ECMA-262 » ECMA-262-3 in detail. Chapter 6. Closures.

Read this article in: Russian, Chinese.

In this article we will talk about one of the most discussed topics related with JavaScript — about closures. The topic, as a matter of fact, is not new and was discussed many times. However we will try to discuss and understand it more from theoretical point of view, and also will look at how closures are made in ECMAScript from within.

Two previous chapters devoted to scope chain and variable object can be good to consider first, since in this chapter we will use material discussed earlier.

Before the discussion of closures directly in ECMAScript, it is necessary to specify a number of definitions from the general theory of functional programming.

As is known, in functional languages (and ECMAScript supports this paradigm and stylistics), functions are data, i.e. they can be assigned to variables, passed as arguments to other functions, returned from functions etc. Such functions have special names and structure.

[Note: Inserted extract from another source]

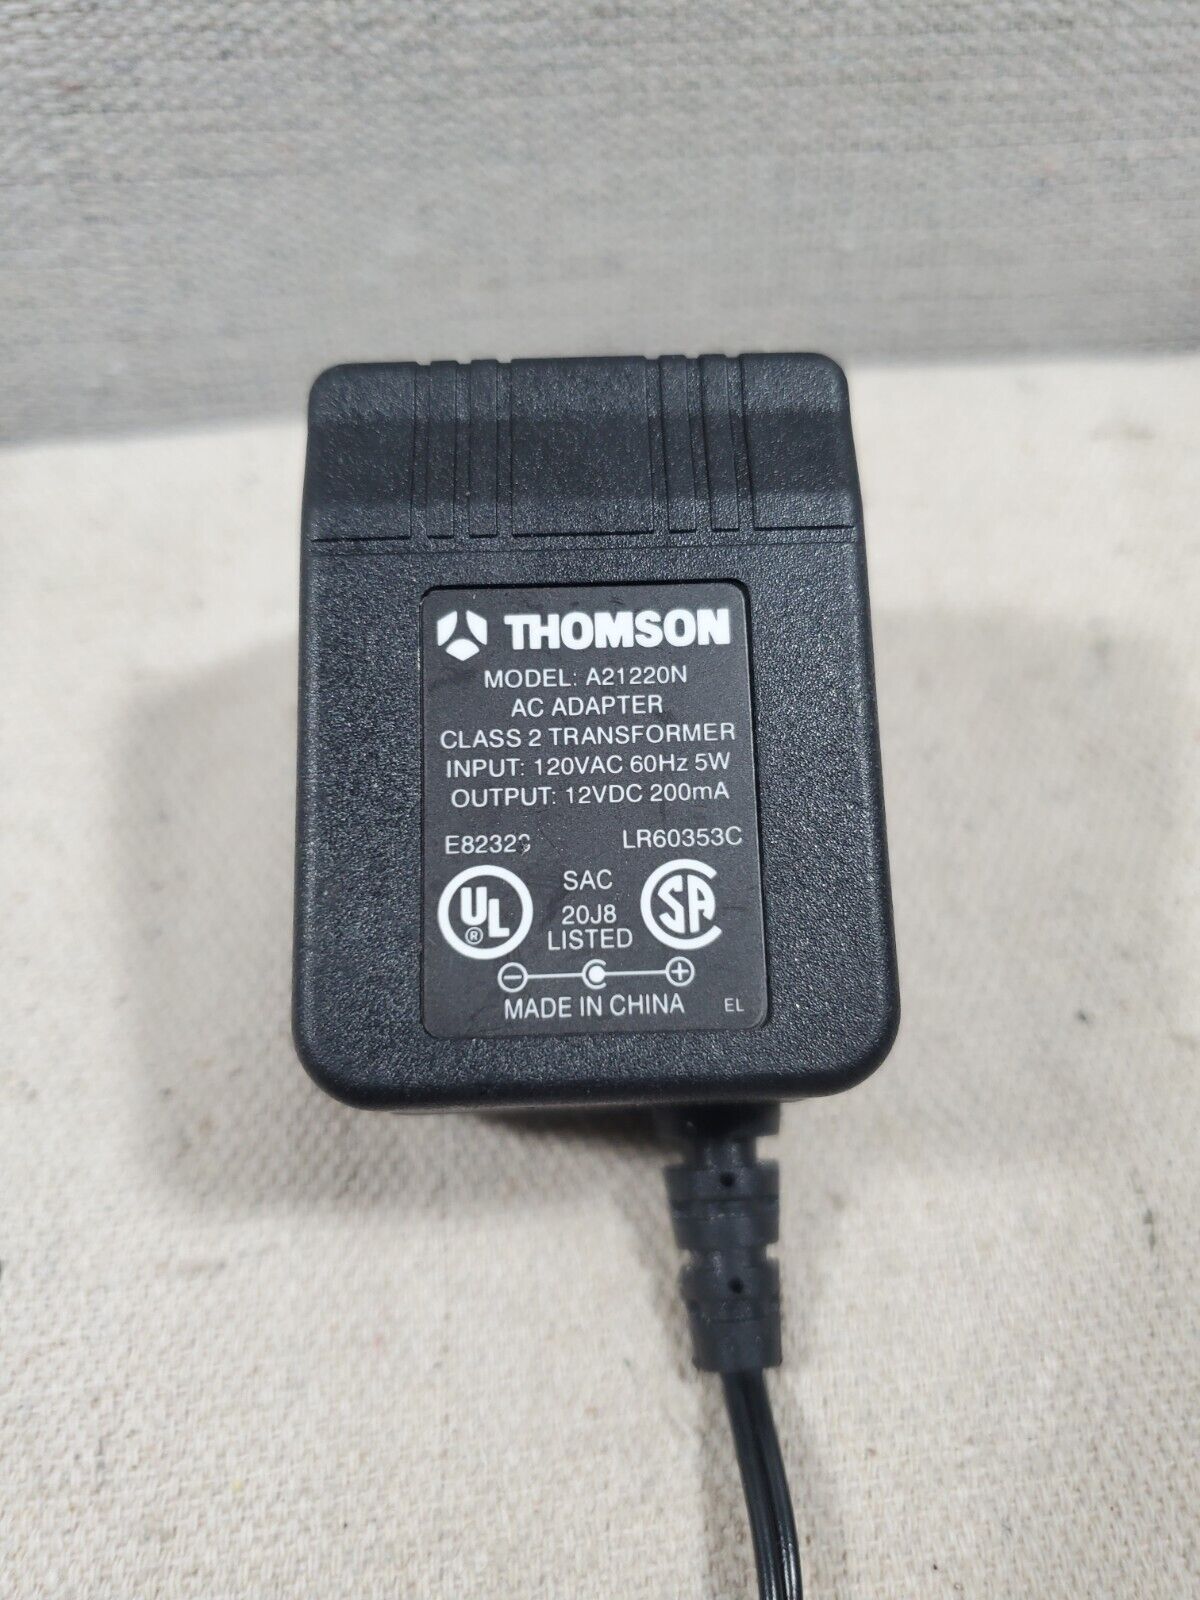 *Brand NEW*Thomson 12VDC 12V 200mA AC Adapter A21220N Class 2 Transformer Power Supply

A functional argument (“Funarg”) — is an argument which value is a function.

Example:

function exampleFunc(funArg) {
  funArg();
}

exampleFunc(function () {
  alert('funArg');
});

The actual parameter related with the “funarg” in this case is the anonymous function passed to the exampleFunc function.

In turn, the function which receives another function as the argument is called a higher-order function (HOF).

Another name of a HOF is a functional or, closer to mathematics, an operator. In the example above, exampleFunc function is a higher-order function.

As it was noted, a function can be not only passed as an argument, but also returned as a value from another function.

The functions which return other functions are called functions with functional value (or function valued functions).

(function functionValued() {
  return function () {
    alert('returned function is called');
  };
})()();

Functions which can participate as normal data, i.e. be passed as arguments, receive functional arguments or be returned as functional values, are called first-class functions.

In ECMAScript all functions are first-class.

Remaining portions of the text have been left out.